Nonlinear localization of chirped femtosecond pulse in layered photonic structure

Abstract

Photonic crystals may be thought as important optical systems for which a nonlinear localization of laser energy is predicted theoretically. Such induced light structures are strongly localized in space (their sizes may be small), time-periodic, and rather stable (at least, long-lived). If a laser energy localization takes place due to spatial soliton appearance in certain elements of photonic crystal then its lifetime can be unbounded. Using this phenomenon, it is possible to design various types of all-optical switching devices in which light acts as a controlling factor and manipulating factor towards itself. Obviously, nonlinear localization of light energy depends on a local light intensity in photonic crystal elements with Kerr nonlinearity, therefore the standard averaging method cannot be applied for an investigation of its occurring. In this case, an analysis of nonlinear effects in photonic crystal is beyond the coupled mode theory approximation and needs more complicated approaches.
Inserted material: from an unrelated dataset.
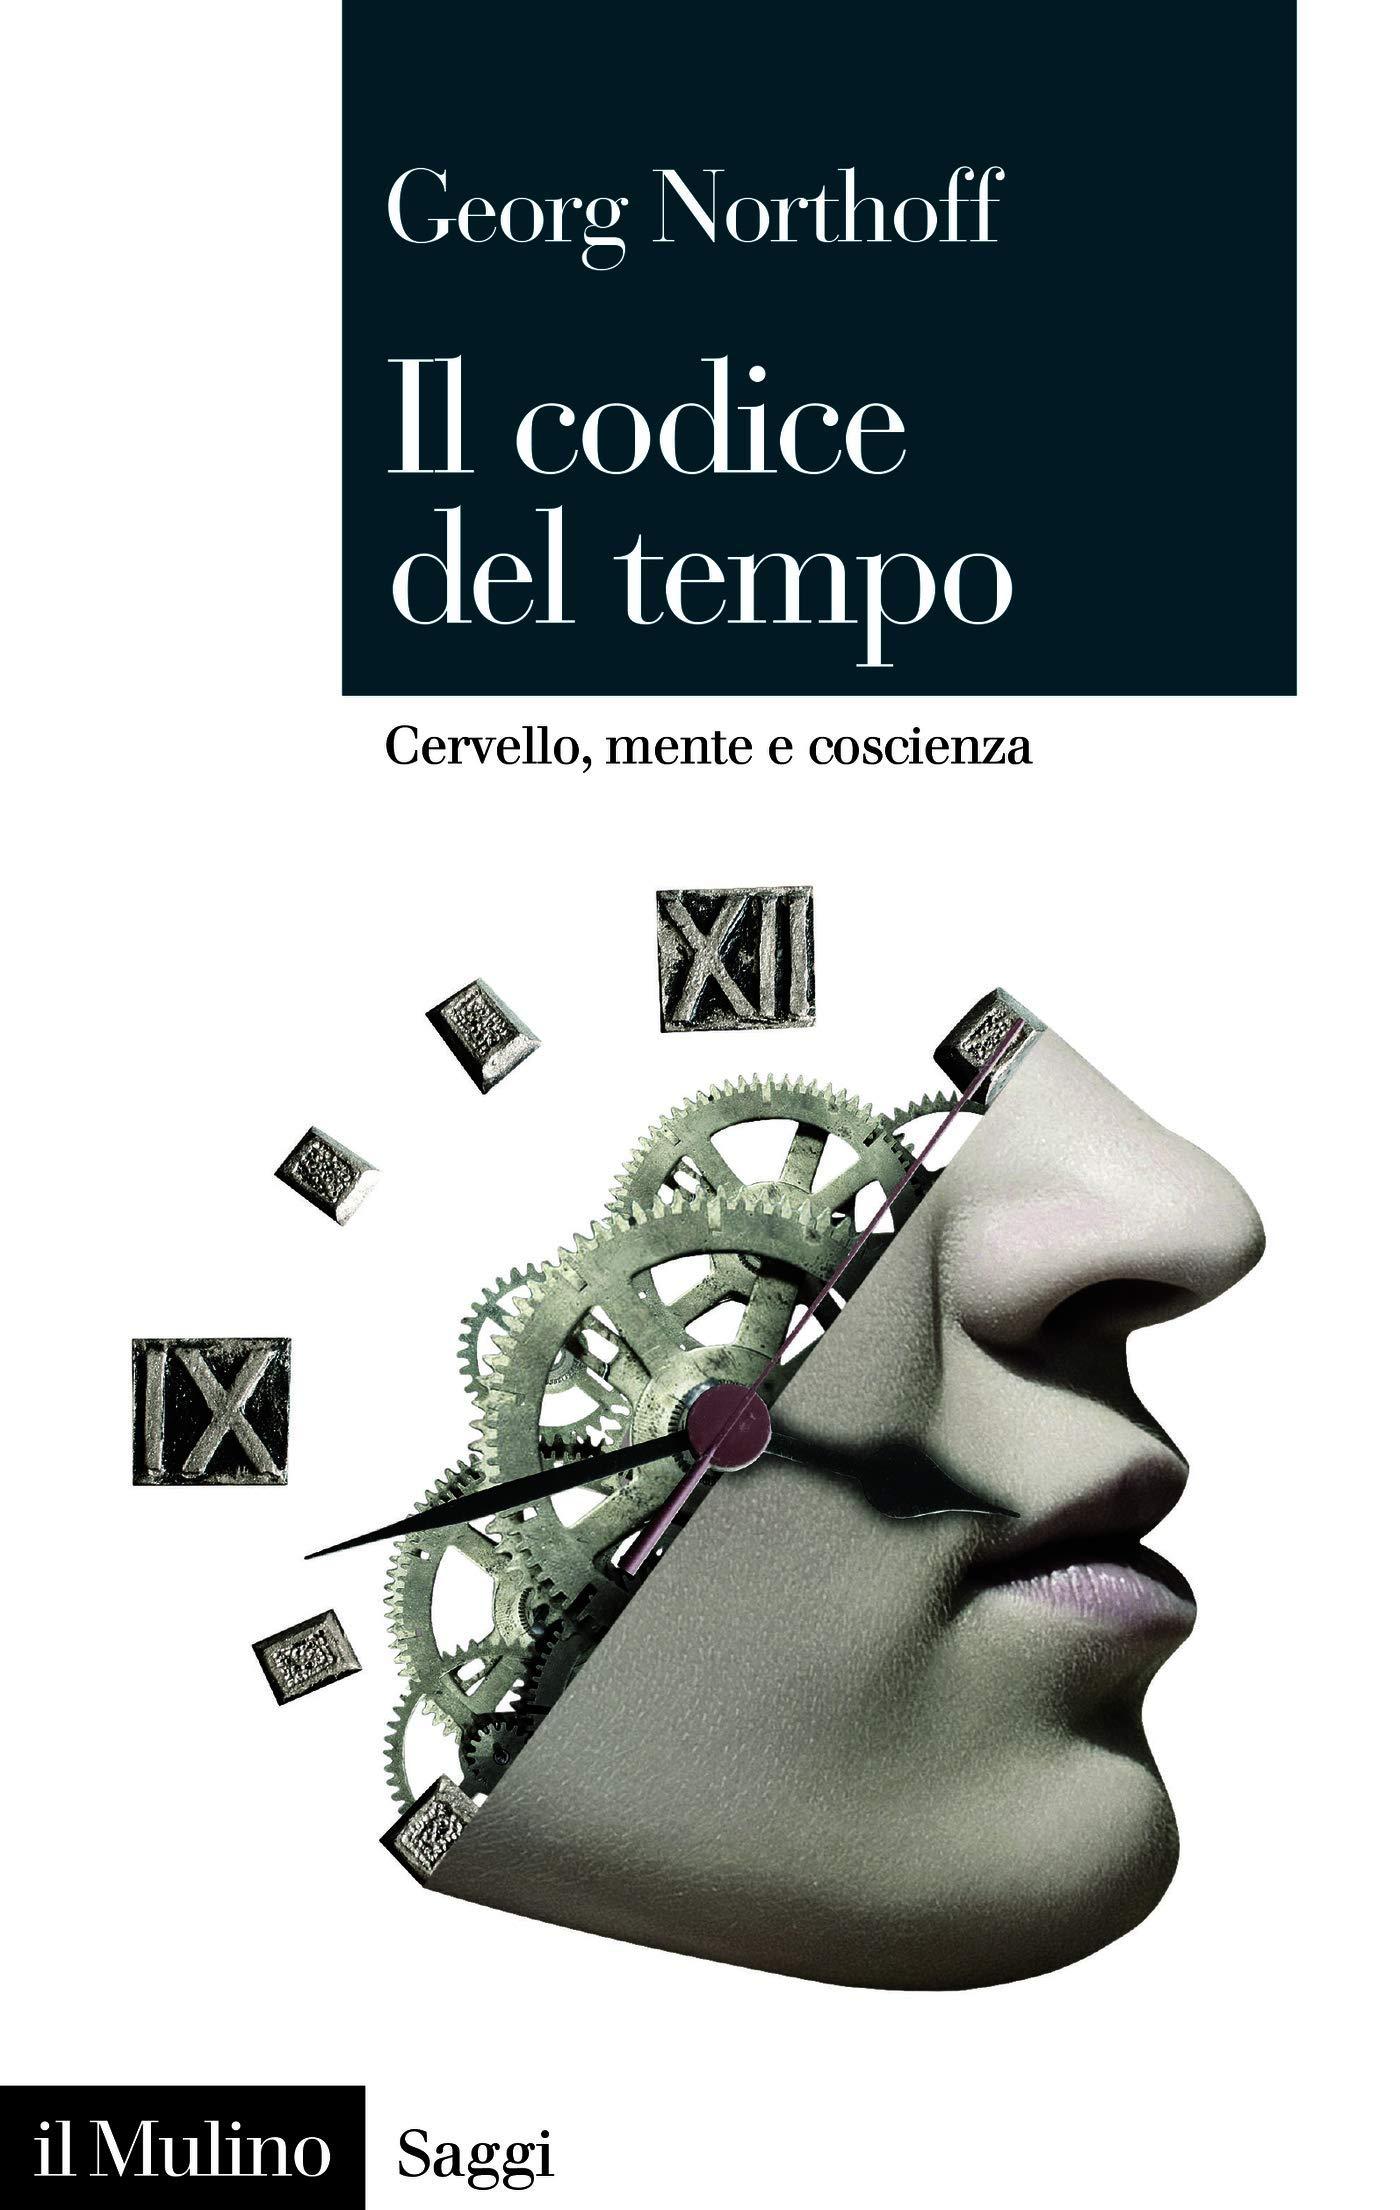 Il codice del tempo: Cervello, mente e coscienza (Saggi) Georg Northoff
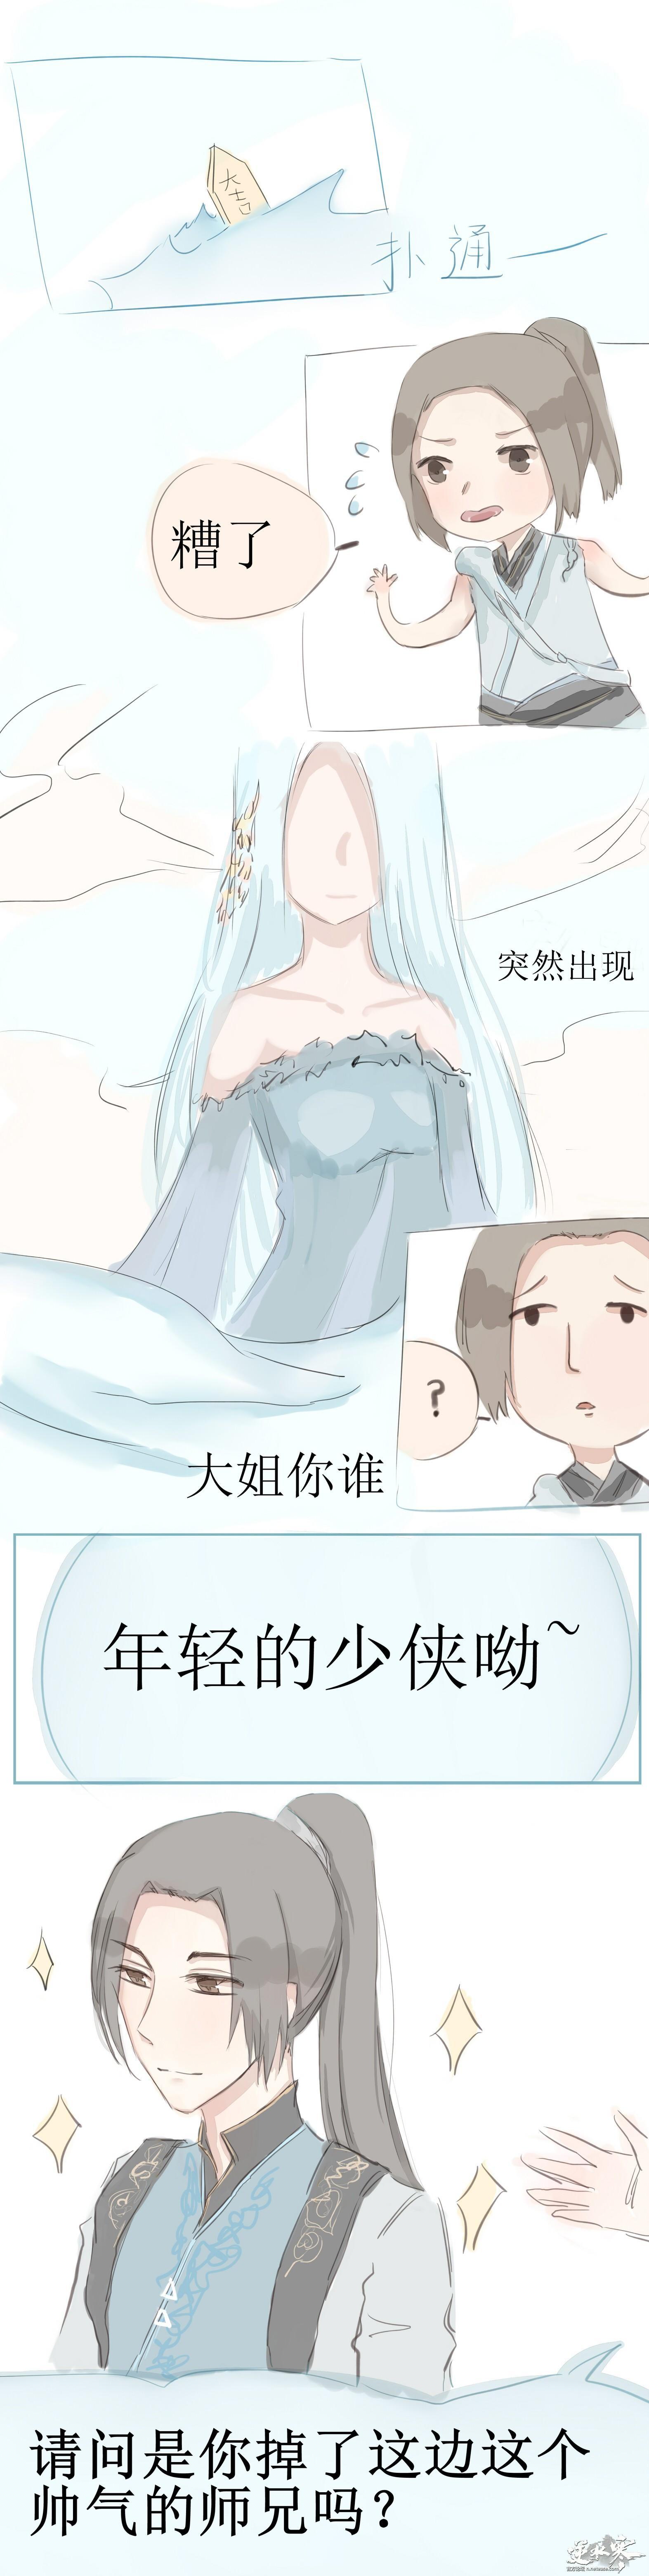 【自在门】[手绘条漫]少侠你是掉了这个师兄还是那个师姐(~ ̄x ̄)~

Below we present computer simulation results for the laser energy nonlinear localization due to soliton appearance at interaction of an incident chirped femtosecond pulse with a layered photonic crystal. This interaction is described by the nonlinear Schrodinger equation. Because we consider the chirped pulse, therefore a nonlinear localization of laser energy can occur for both signs of a medium response. We investigate a soliton formation and its time evolution in dependence on the pulse carrier frequency position with respect to a photonic band gap. We claim essential influence of the incident pulse chirp on laser energy nonlinear localization.